■ **MATERIAL PROVIDED**
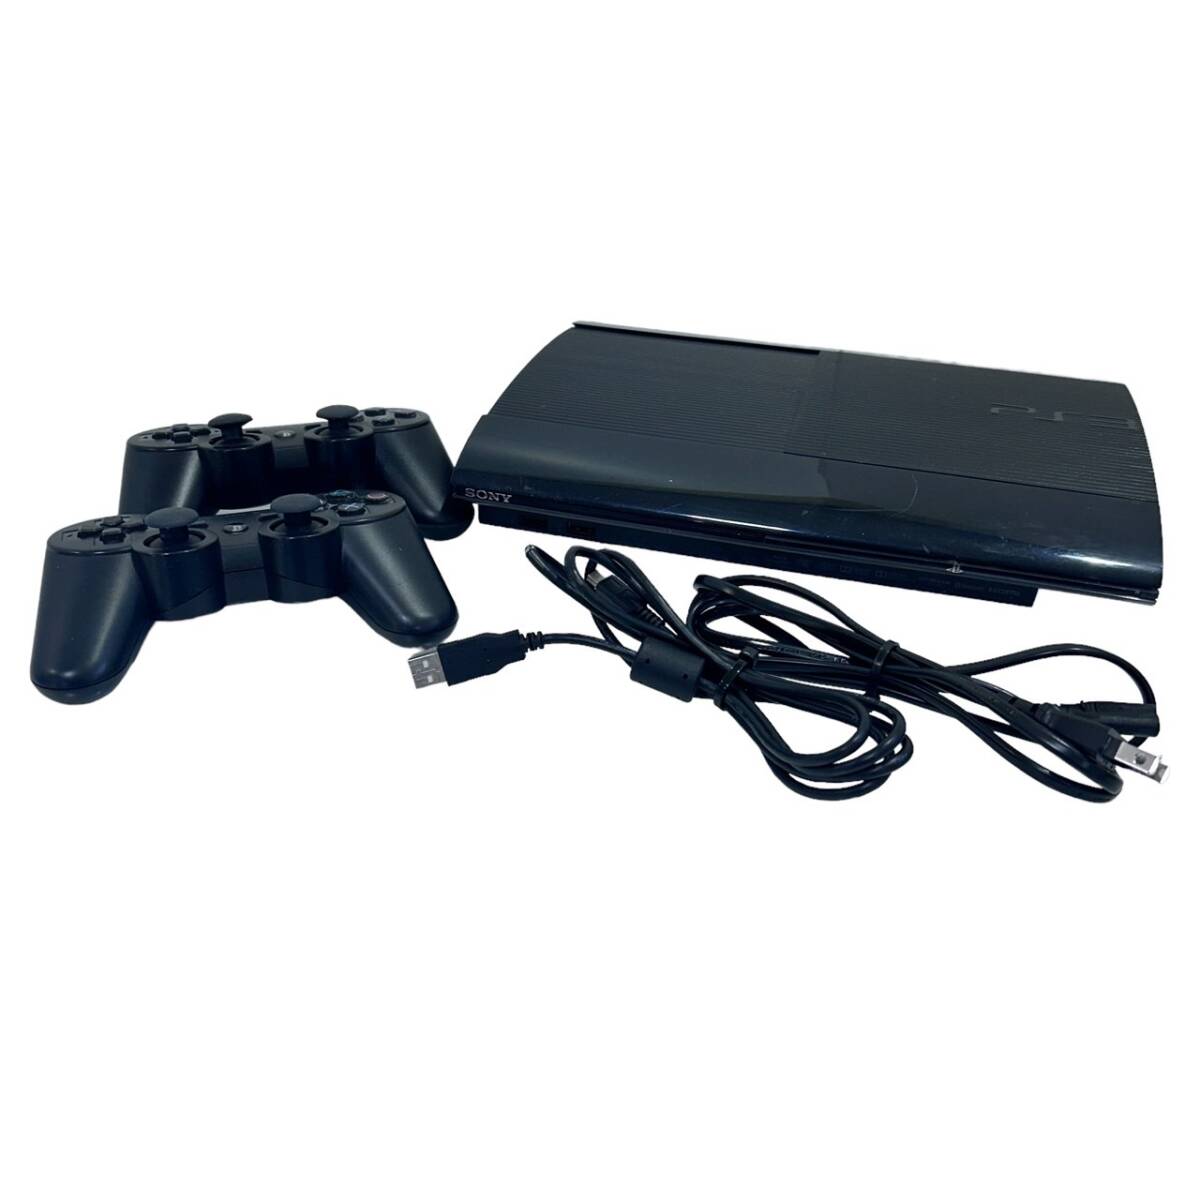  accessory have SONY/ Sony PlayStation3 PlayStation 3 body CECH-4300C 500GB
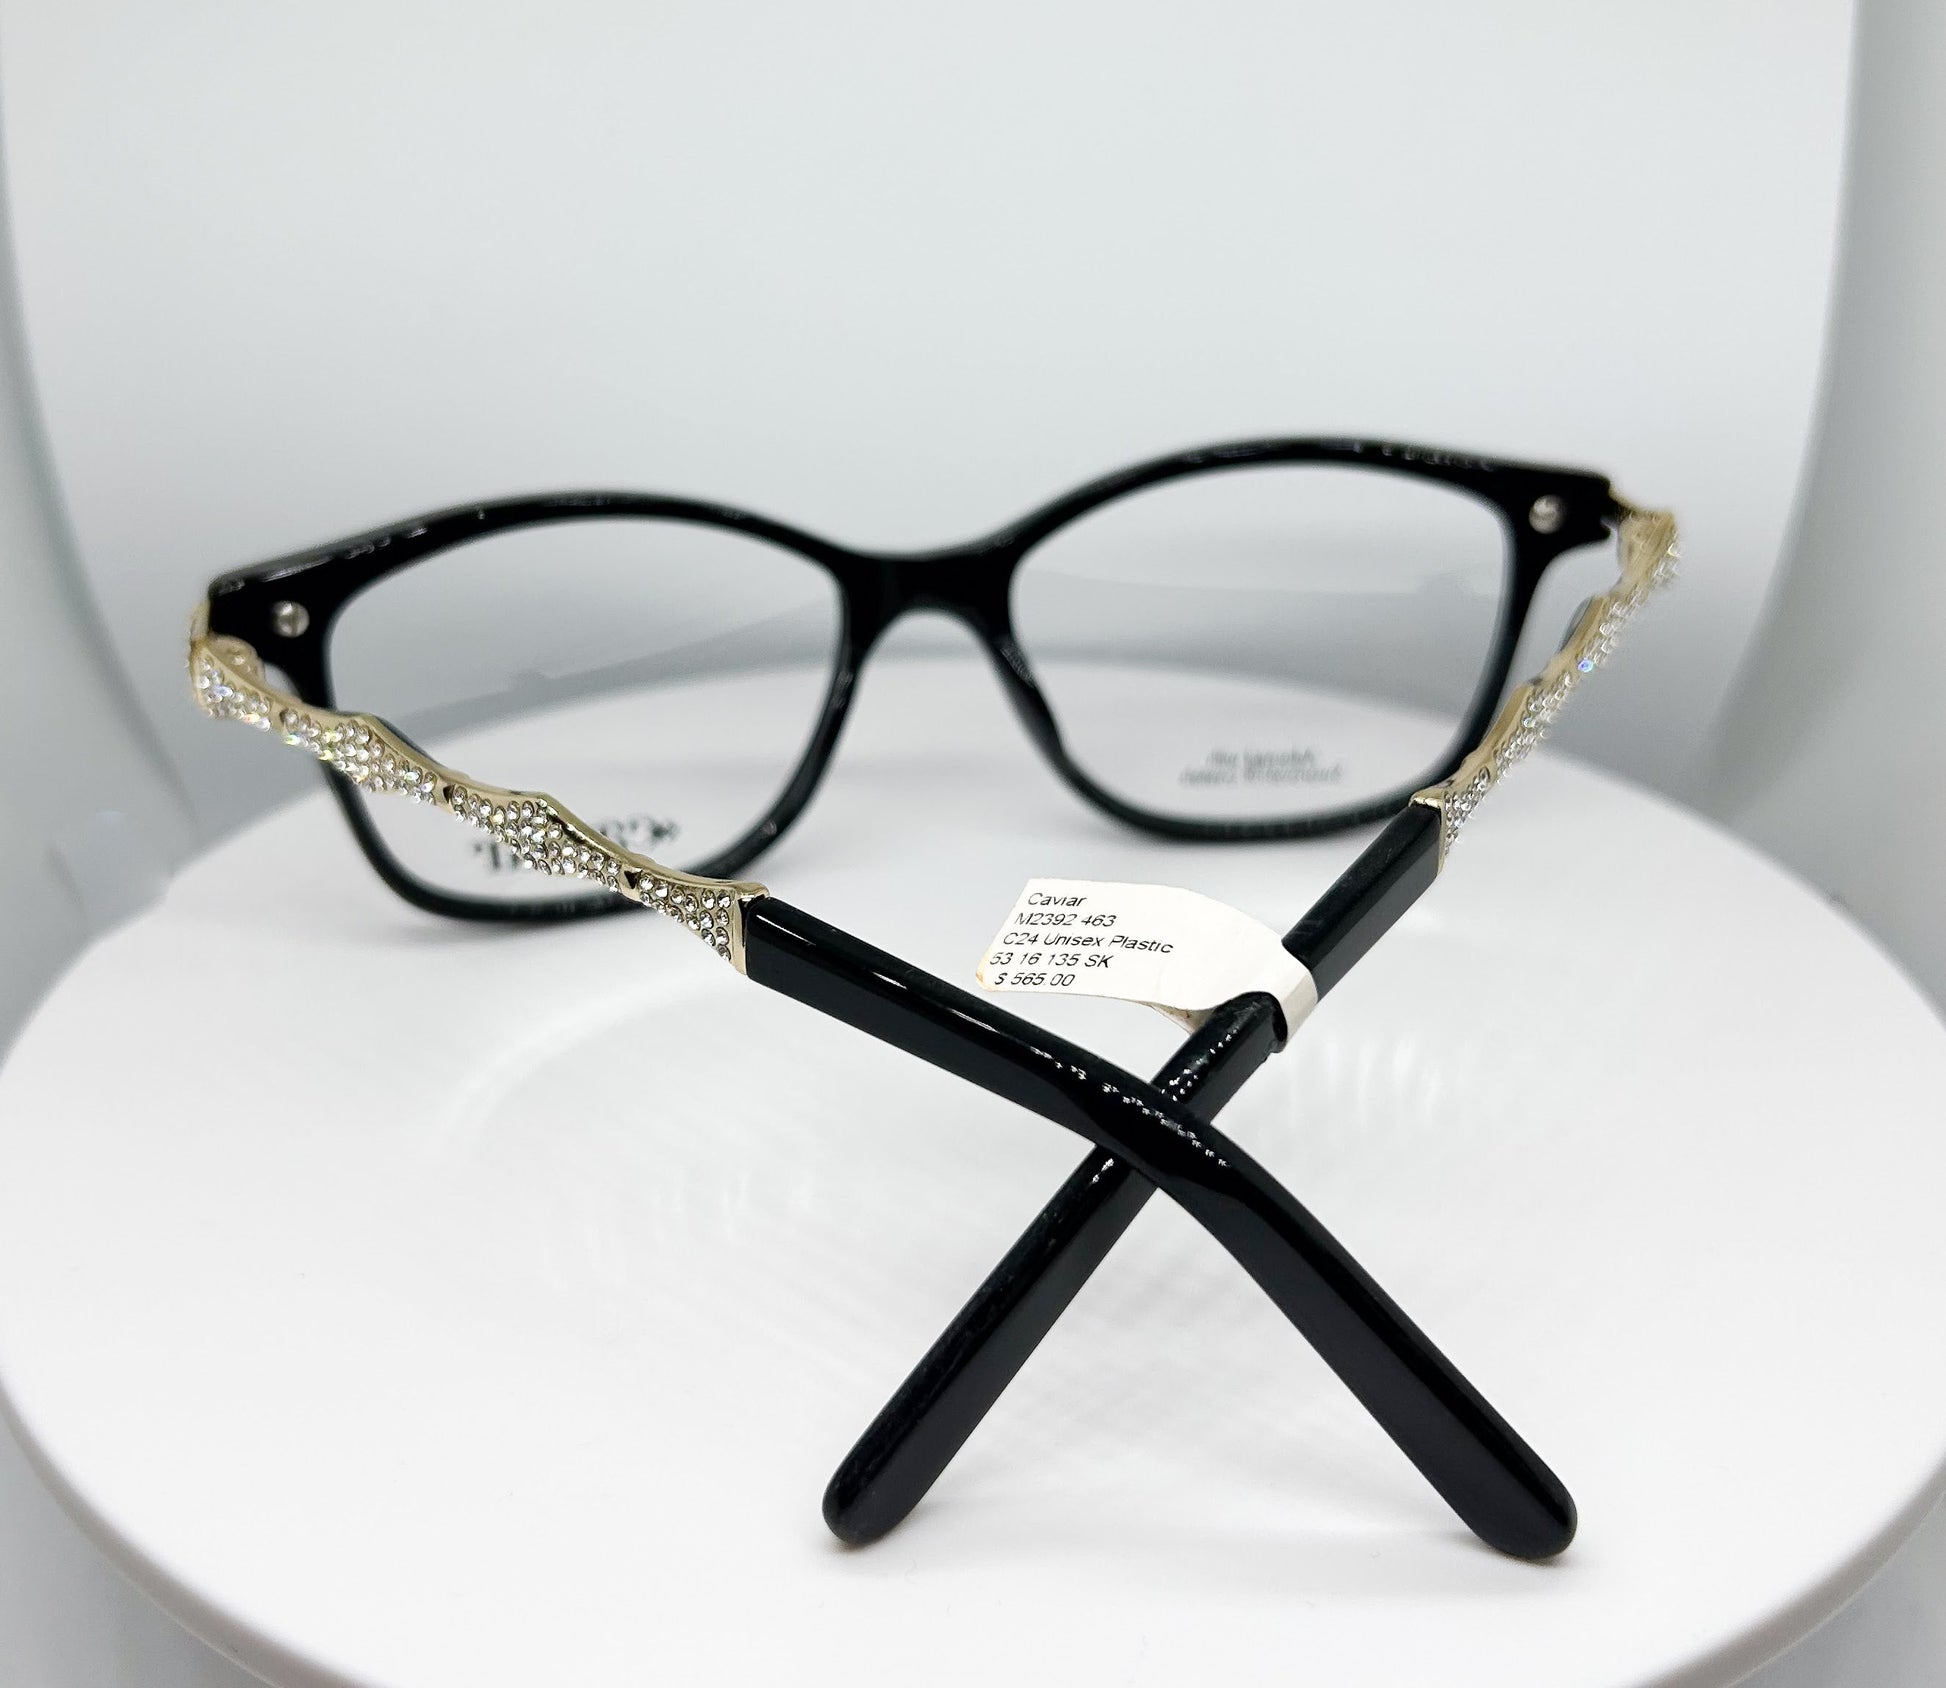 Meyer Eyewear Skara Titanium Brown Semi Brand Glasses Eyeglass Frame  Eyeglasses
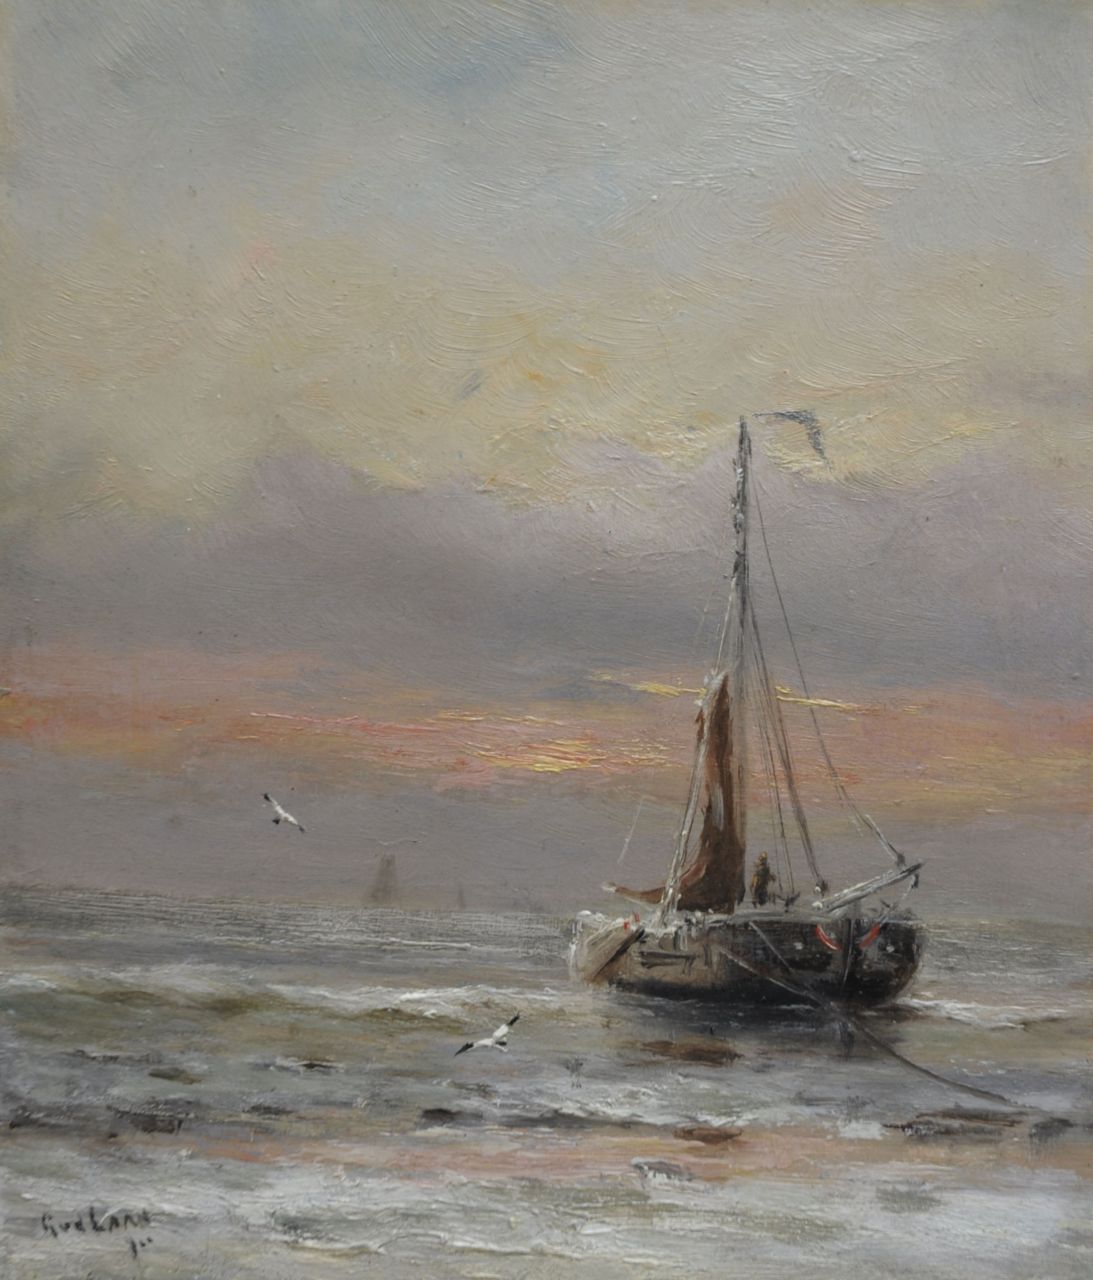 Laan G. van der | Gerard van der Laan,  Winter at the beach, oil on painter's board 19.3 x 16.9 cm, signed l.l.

■ **AIM OF THE EXERCISE**
Make an exact copy of the whole listing, but don't bring over any pictures.

■ **RESPONSE TO THIS TASK**
  accessory have SONY/ Sony PlayStation3 PlayStation 3 body CECH-4300C 500GB
 Meyer Eyewear Skara Titanium Brown Semi Brand Glasses Eyeglass Frame  Eyeglasses
 Laan G. van der | Gerard van der Laan,  Winter at the beach, oil on painter's board 19.3 x 16.9 cm, signed l.l.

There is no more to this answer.